We've got the values for the rows, now we just need to define the column names and build the dataframe.

In [7]:
time_series_columns = ['fips', 'state', 'timestamp', 'covid_case_total']

county_cases_df = spark.createDataFrame(time_series, time_series_columns)
county_cases_df.limit(5).show()

+----+-------+----------+----------------+
|fips|  state| timestamp|covid_case_total|
+----+-------+----------+----------------+
|1001|Alabama|1579651200|               0|
|1001|Alabama|1579737600|               0|
|1001|Alabama|1579824000|               0|
|1001|Alabama|1579910400|               0|
|1001|Alabama|1579996800|               0|
+----+-------+----------+----------------+



We could just keep the timestamps? I don't know if we need the datetimes since we'll fetch these from another table. I'll keep these in for now because it makes it easier for me to tell which dates I'm dealing with while debugging.

In [8]:
county_cases_df = county_cases_df.withColumn("date", F.from_unixtime("timestamp").cast(DateType()))
county_cases_df.limit(5).show()

+----+-------+----------+----------------+----------+
|fips|  state| timestamp|covid_case_total|      date|
+----+-------+----------+----------------+----------+
|1001|Alabama|1579651200|               0|2020-01-22|
|1001|Alabama|1579737600|               0|2020-01-23|
|1001|Alabama|1579824000|               0|2020-01-24|
|1001|Alabama|1579910400|               0|2020-01-25|
|1001|Alabama|1579996800|               0|2020-01-26|
+----+-------+----------+----------------+----------+



We only have the cumulative Covid-19 case counts, not the daily increase. Since we're most likely going to check the delta quite frequently, let's add that to the data set:

In [9]:
windowSpec = Window \
    .partitionBy(county_cases_df['fips']) \
    .orderBy(county_cases_df['timestamp'].asc())

''' This is more long-form, I wrote this because I thought that lagged numbers were bleeding across partition boundaries, but that doesn't seem to be the case.
county_cases_df = county_cases_df.withColumn('lag', F.lag(county_cases_df['covid_case_total']).over(windowSpec))

county_cases_df = county_cases_df.withColumn('covid_case_delta', \
    F.when(county_cases_df['lag'].isNull(), 0) \
    .otherwise(county_cases_df['covid_case_total'] - county_cases_df['lag']))

county_cases_df = county_cases_df.drop('lag')
'''

county_cases_df = county_cases_df.withColumn('covid_case_delta', \
    county_cases_df['covid_case_total'] - F.lag(county_cases_df['covid_case_total'], 1, 0).over(windowSpec))
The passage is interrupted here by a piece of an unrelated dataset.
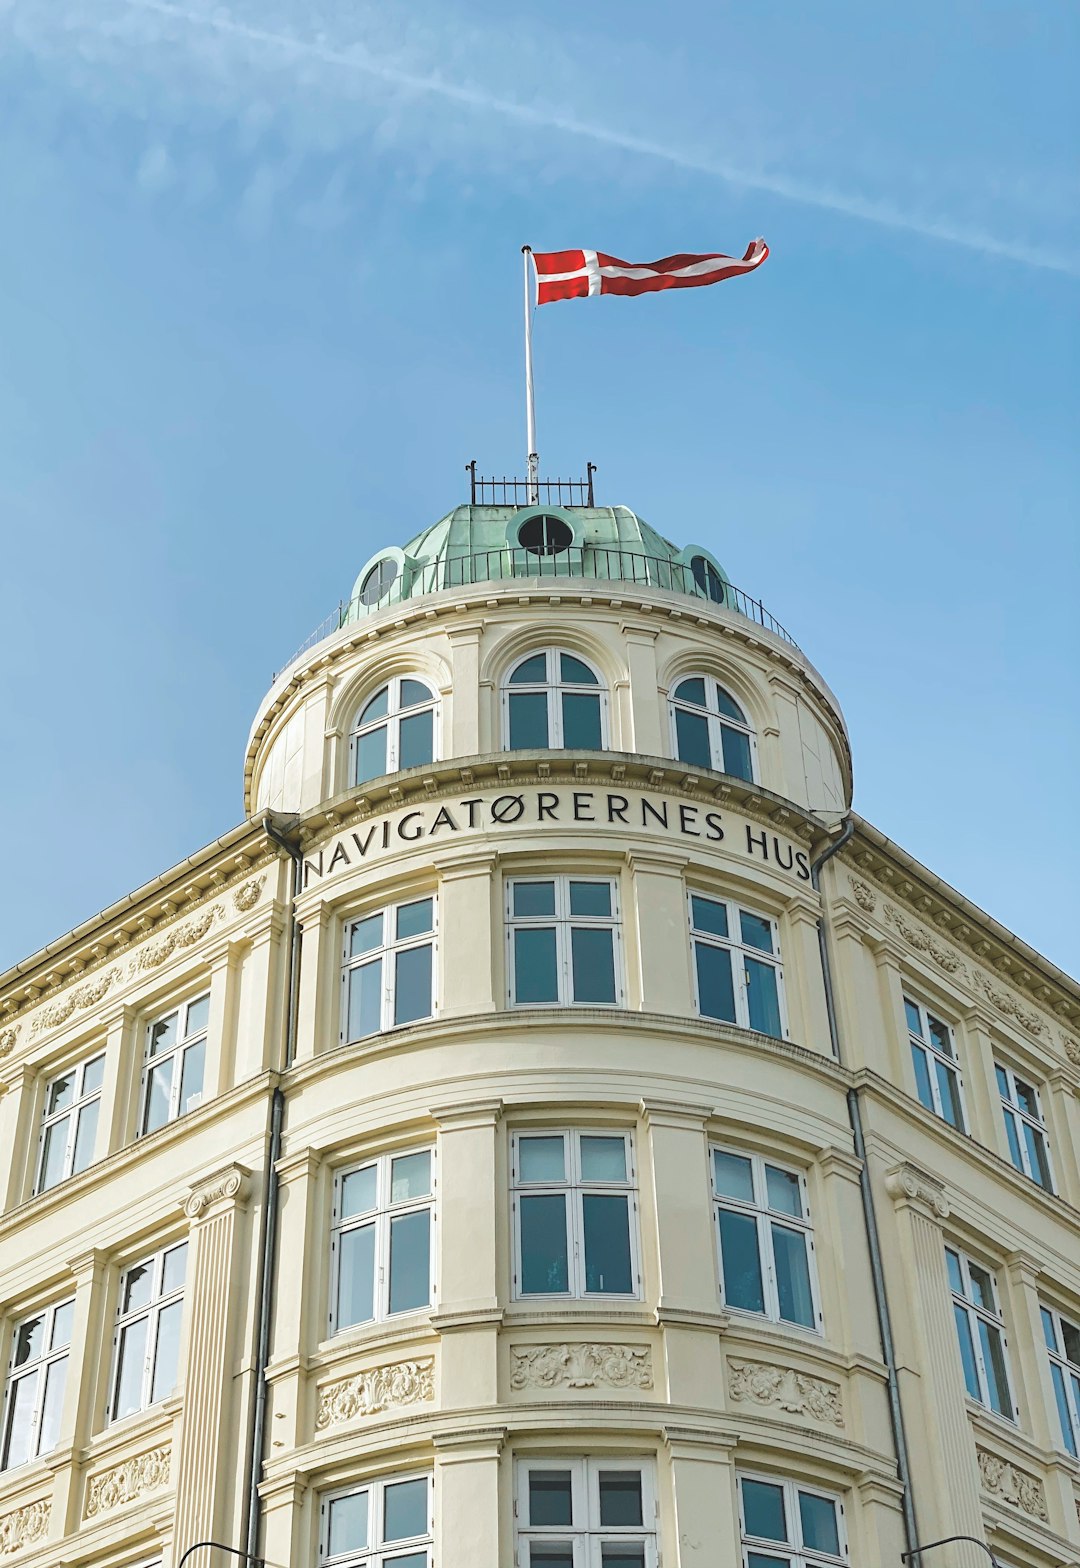 Landmark photo spot Nyhavn Rosenborg Castle

county_cases_df.limit(5).show()

+----+--------+----------+----------------+----------+----------------+
|fips|   state| timestamp|covid_case_total|      date|covid_case_delta|
+----+--------+----------+----------------+----------+----------------+
|8075|Colorado|1579651200|               0|2020-01-22|               0|
|8075|Colorado|1579737600|               0|2020-01-23|               0|
|8075|Colorado|1579824000|               0|2020-01-24|               0|
|8075|Colorado|1579910400|               0|2020-01-25|               0|
|8075|Colorado|1579996800|               0|2020-01-26|               0|
+----+--------+----------+----------------+----------+----------------+



In [10]:
county_cases_df.where(county_cases_df['covid_case_delta'].isNull()).count()

0

So far, so good, no null entries in the delta column.

In [11]:
county_cases_df.agg({'covid_case_delta': 'max'}).show()

+---------------------+
|max(covid_case_delta)|
+---------------------+
|                29423|
+---------------------+



In [12]:
county_cases_df.agg({'covid_case_delta': 'min'}).show()

+---------------------+
|min(covid_case_delta)|
+---------------------+
|                -3059|
+---------------------+



Wait, what? Why do we have negative case counts here?

In [13]:
county_cases_df.where(county_cases_df['covid_case_delta'] < 0).show()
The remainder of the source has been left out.